Eldridge would have liked to see the state complete its work on animal traceability, which began in late 2005, but said it may be time for fresh minds to work on it.
The state’s database needs to be improved, he said. The brand program is an important tool in Washington, and needs to be updated into the electronic age.
“There are some gaps that need to be eliminated, so we have complete information on traceability at every change of ownership,” Eldridge said.
Some feeder and harvest cattle enter the state without Eldridge’s knowledge, in spite of entry permit requirements. They can be destined for harvest or a restricted feedlot, but might not wind up there and re-enter production.
“That’s probably the highest risk of what needs to be finished in traceability,” Eldridge said.

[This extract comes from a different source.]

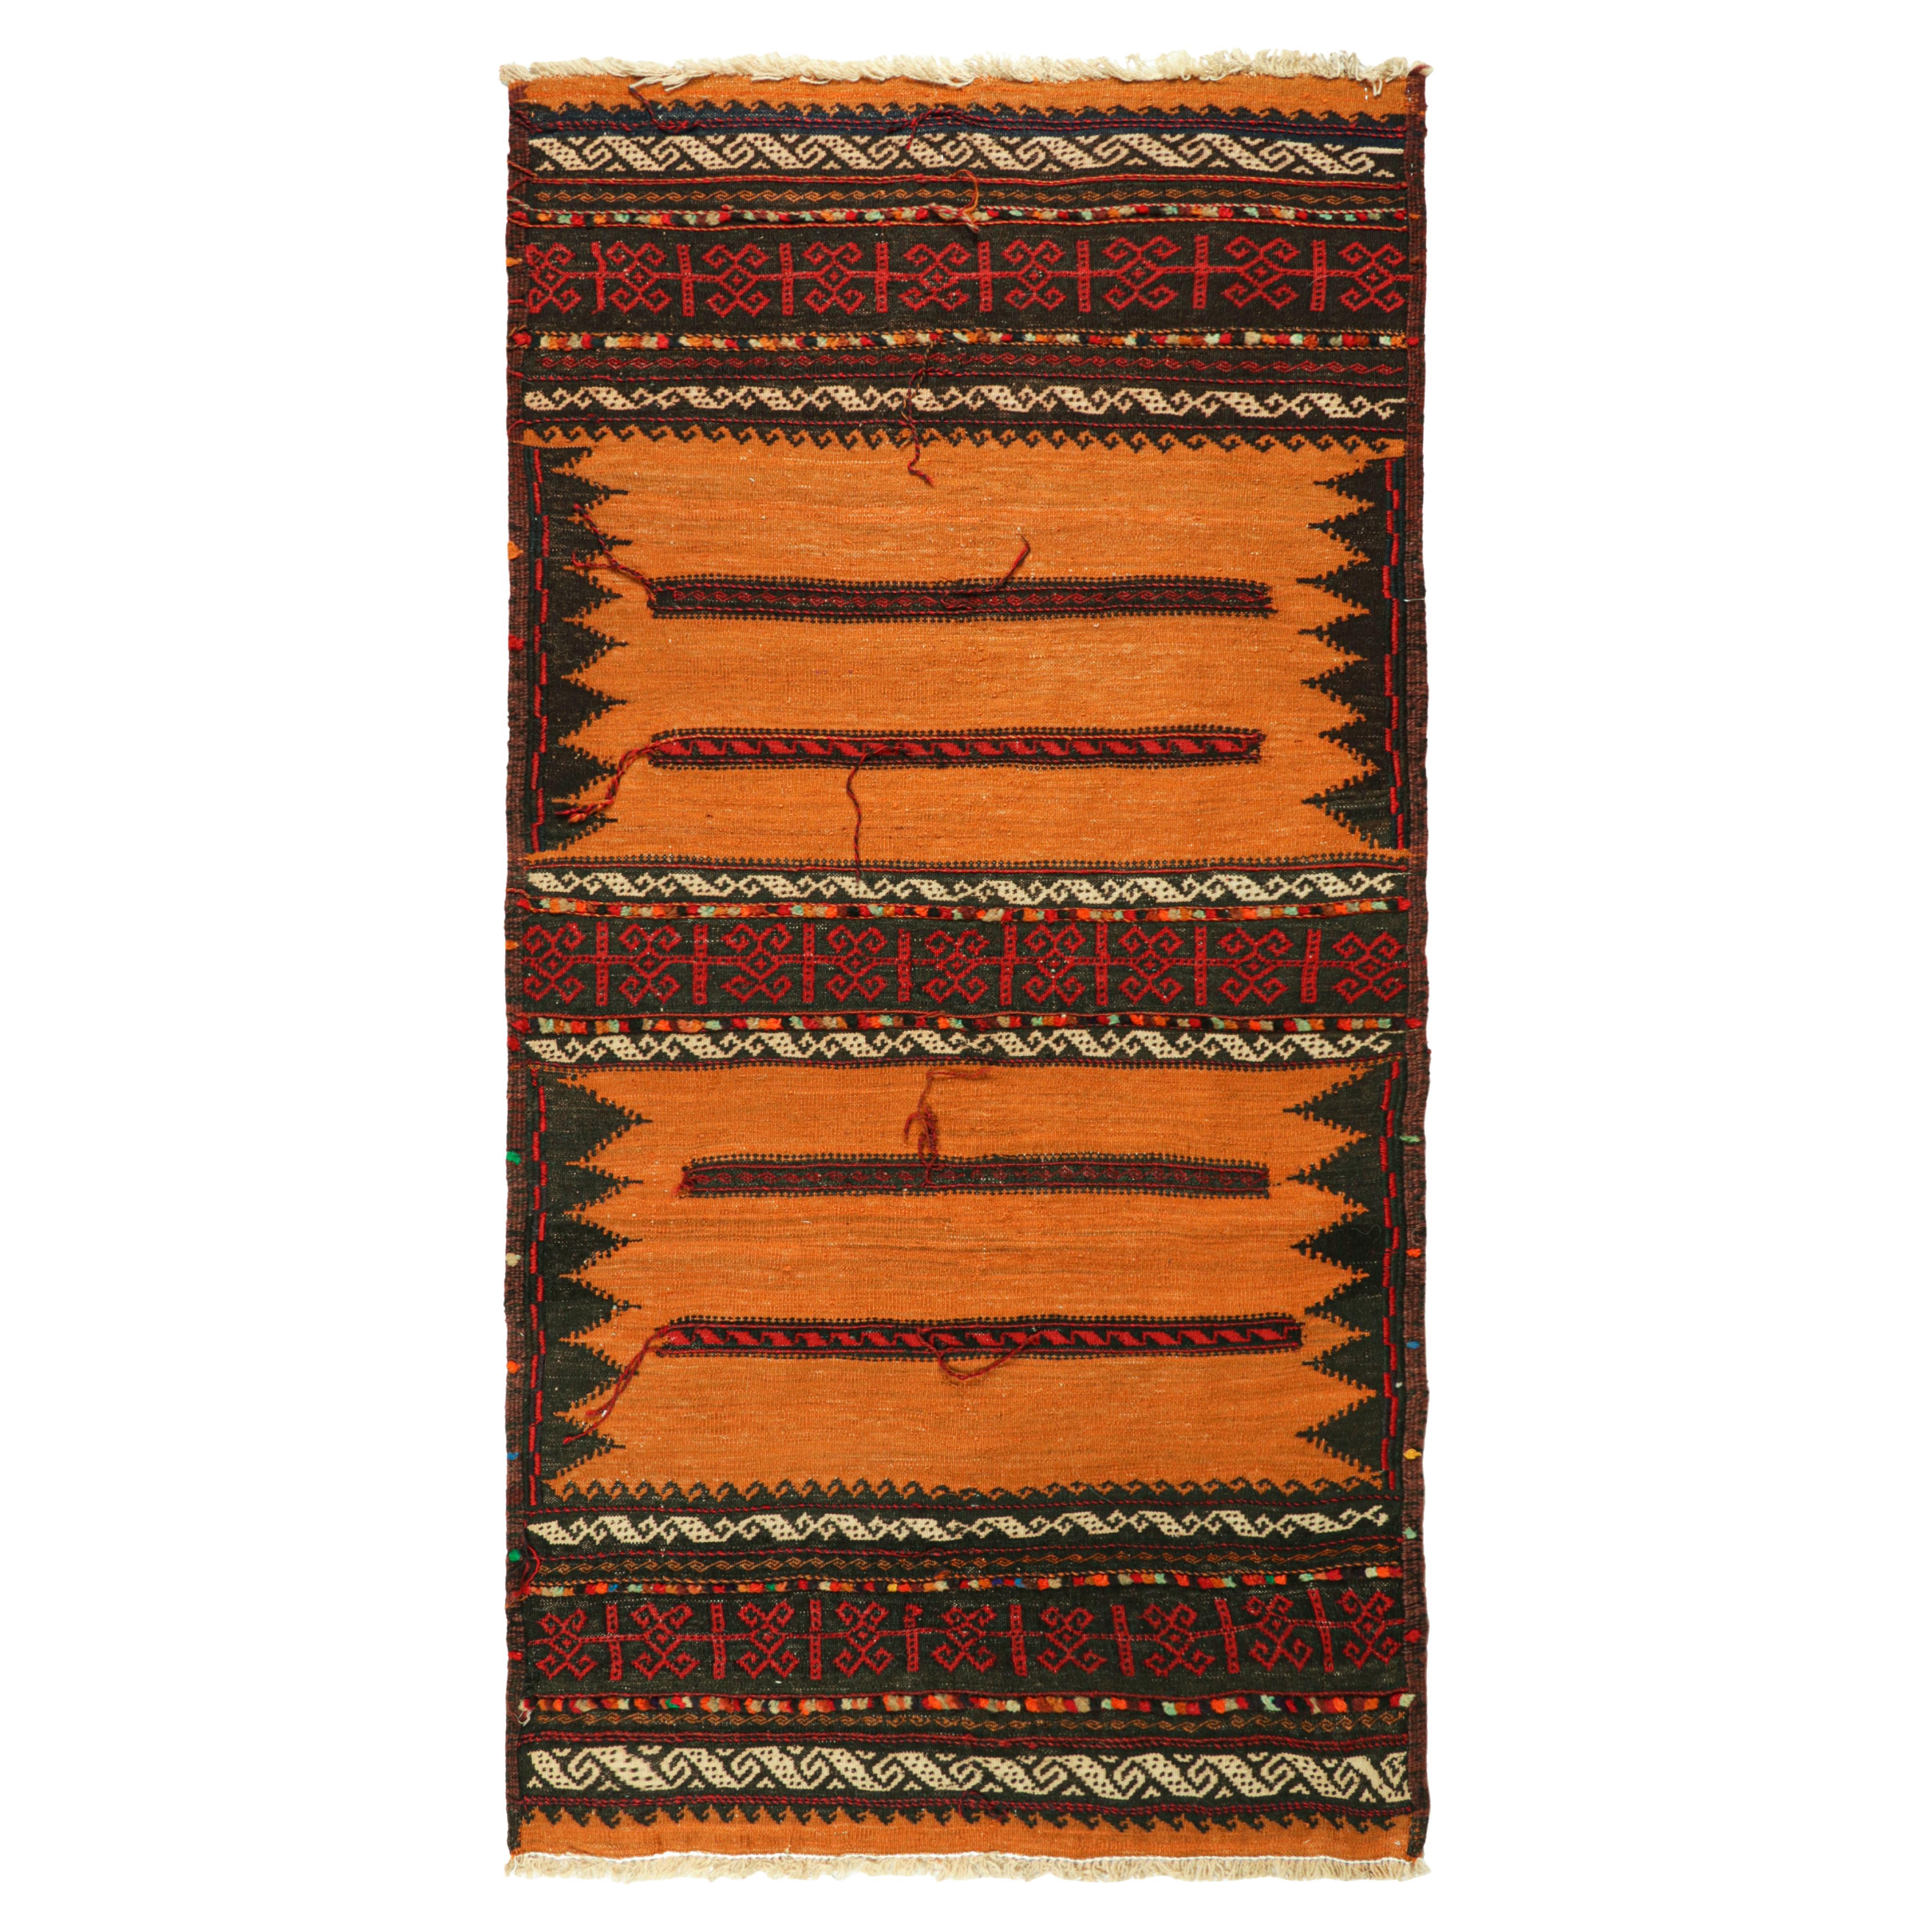 Vintage Afghan Kilim in Rust, with Polychromatic Patterns, from Rug & Kilim For Sale

Eldridge recommends the  entire livestock industry keep communications open and find common ground among different factions.
“They have much more in common than they have in differences of opinion,” Eldridge said. “It’s all about keeping the confidence of our export markets and other states in place that we have good animals to send them.”
He’s had the most fun interacting with the industry, he said.
“If someone’s got a problem, there’s nothing more gratifying than being able to solve that issue and put somebody back at a profitable level,” he said.